[Paper Review] Does label smoothing mitigate label noise?
This paper investigates whether label smoothing mitigates label noise in deep learning, demonstrating that despite its apparent equivalence to injecting symmetric noise, label smoothing acts as a regularizer that improves generalization and performance under label noise. It shows label smoothing is competitive with established loss-correction techniques and significantly enhances knowledge distillation when applied to noisy teacher models.
Label smoothing is commonly used in training deep learning models, wherein one-hot training labels are mixed with uniform label vectors. Empirically, smoothing has been shown to improve both predictive performance and model calibration. In this paper, we study whether label smoothing is also effective as a means of coping with label noise. While label smoothing apparently amplifies this problem --- being equivalent to injecting symmetric noise to the labels --- we show how it relates to a general family of loss-correction techniques from the label noise literature. Building on this connection, we show that label smoothing is competitive with loss-correction under label noise. Further, we show that when distilling models from noisy data, label smoothing of the teacher is beneficial; this is in contrast to recent findings for noise-free problems, and sheds further light on settings where label smoothing is beneficial.
Motivation & Objective
- To investigate whether label smoothing, commonly used for model calibration and generalization, is effective in mitigating label noise.
- To clarify the theoretical relationship between label smoothing and existing loss-correction techniques for label noise.
- To evaluate the impact of label smoothing on knowledge distillation when training data contains label noise.

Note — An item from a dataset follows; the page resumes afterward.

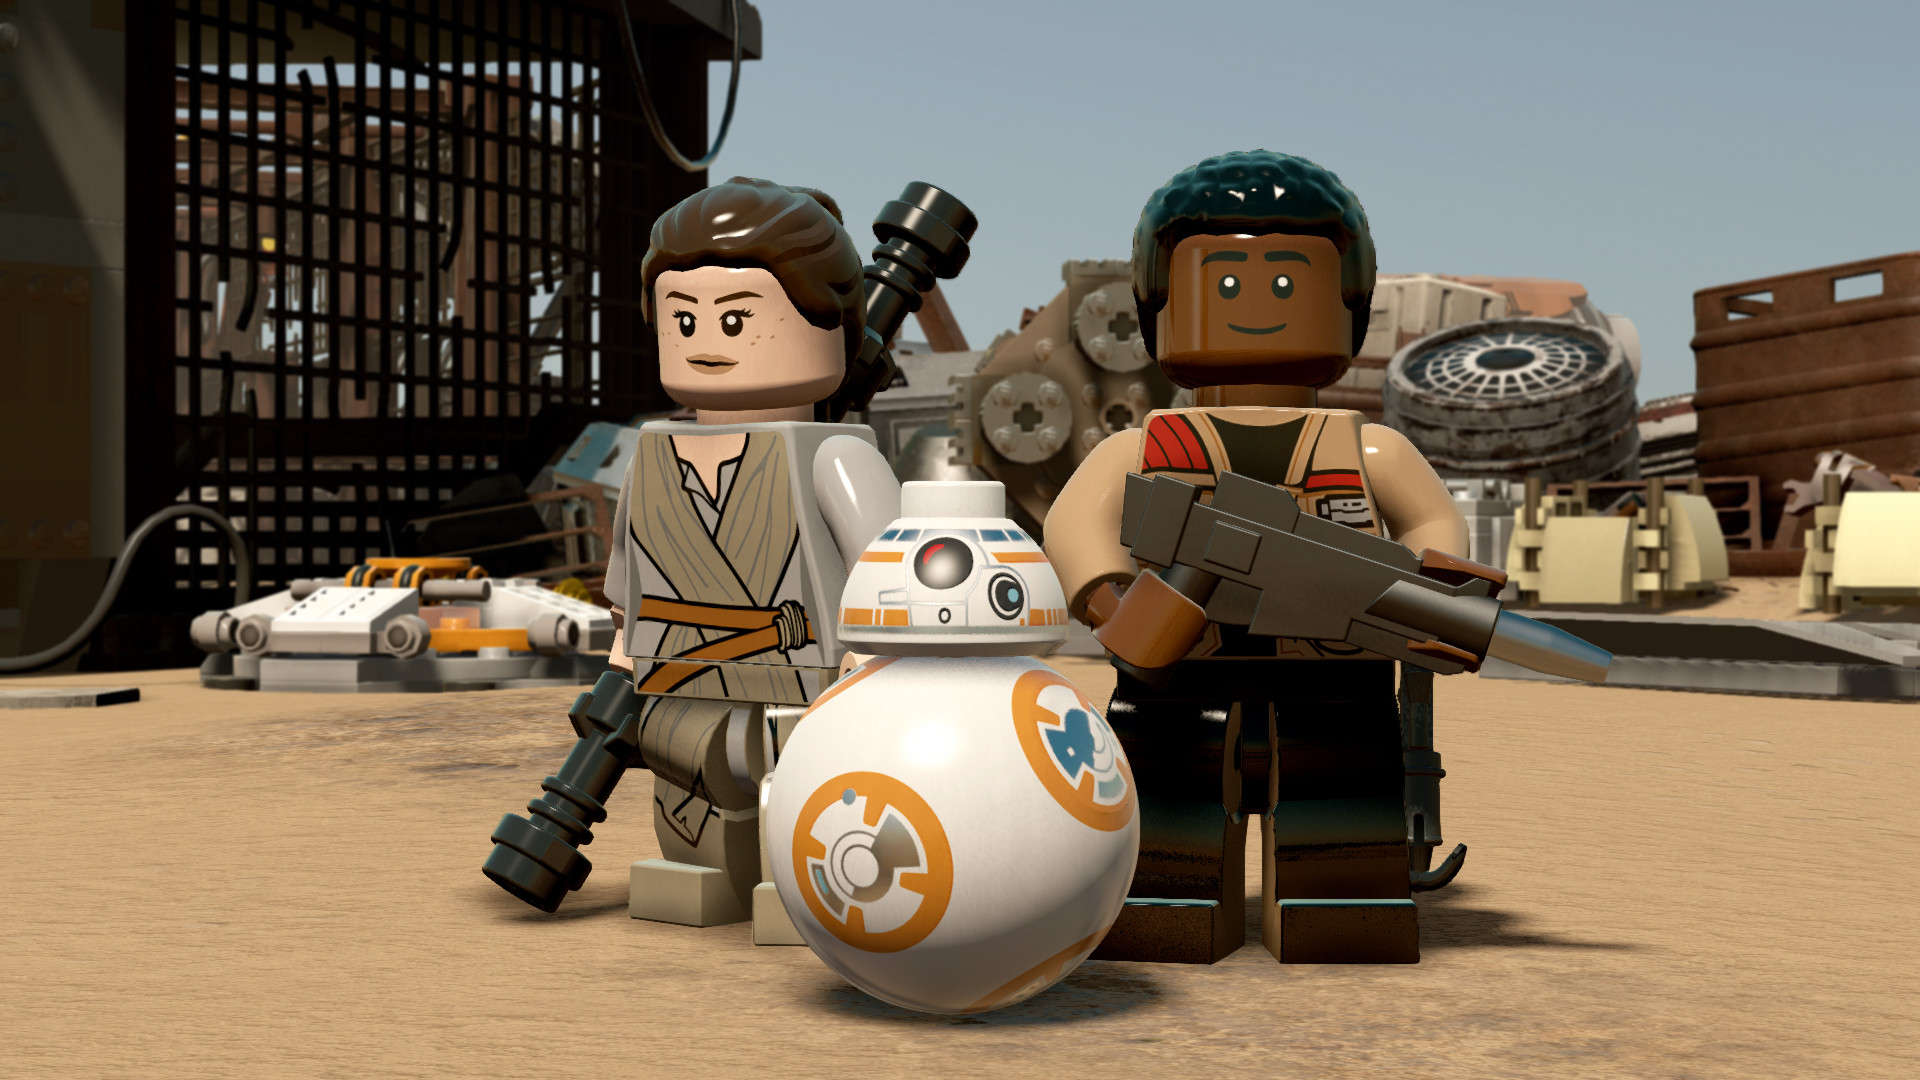 LEGO Star Wars: The Force Awakens Gold Edition Steam CD Key 5.64 $

- To reconcile the apparent contradiction between label smoothing's noise-injection effect and its observed denoising benefits.
Proposed method
- The authors connect label smoothing to a family of loss-correction techniques from the label noise literature, particularly those based on backward correction.
- They analyze label smoothing as a form of L2 regularization, showing it induces shrinkage of model predictions toward uniformity, which reduces overconfidence.
- Empirical evaluation is conducted on CIFAR-10 and CIFAR-100 with controlled label noise, comparing label smoothing against forward correction and standard training.
- Knowledge distillation is applied using a teacher model trained on noisy labels with and without label smoothing, and the student model's performance is evaluated.
- The study uses temperature-based distillation and measures accuracy across varying smoothing levels (α) to assess robustness.
- Theoretical analysis links label smoothing to regularization, explaining its denoising effect through shrinkage of logits.
Experimental results
Research questions
- RQ1Does label smoothing mitigate label noise despite its apparent equivalence to injecting symmetric noise?
- RQ2How is label smoothing related to established loss-correction techniques in the label noise literature?
- RQ3Can label smoothing improve performance in knowledge distillation when the teacher is trained on noisy labels?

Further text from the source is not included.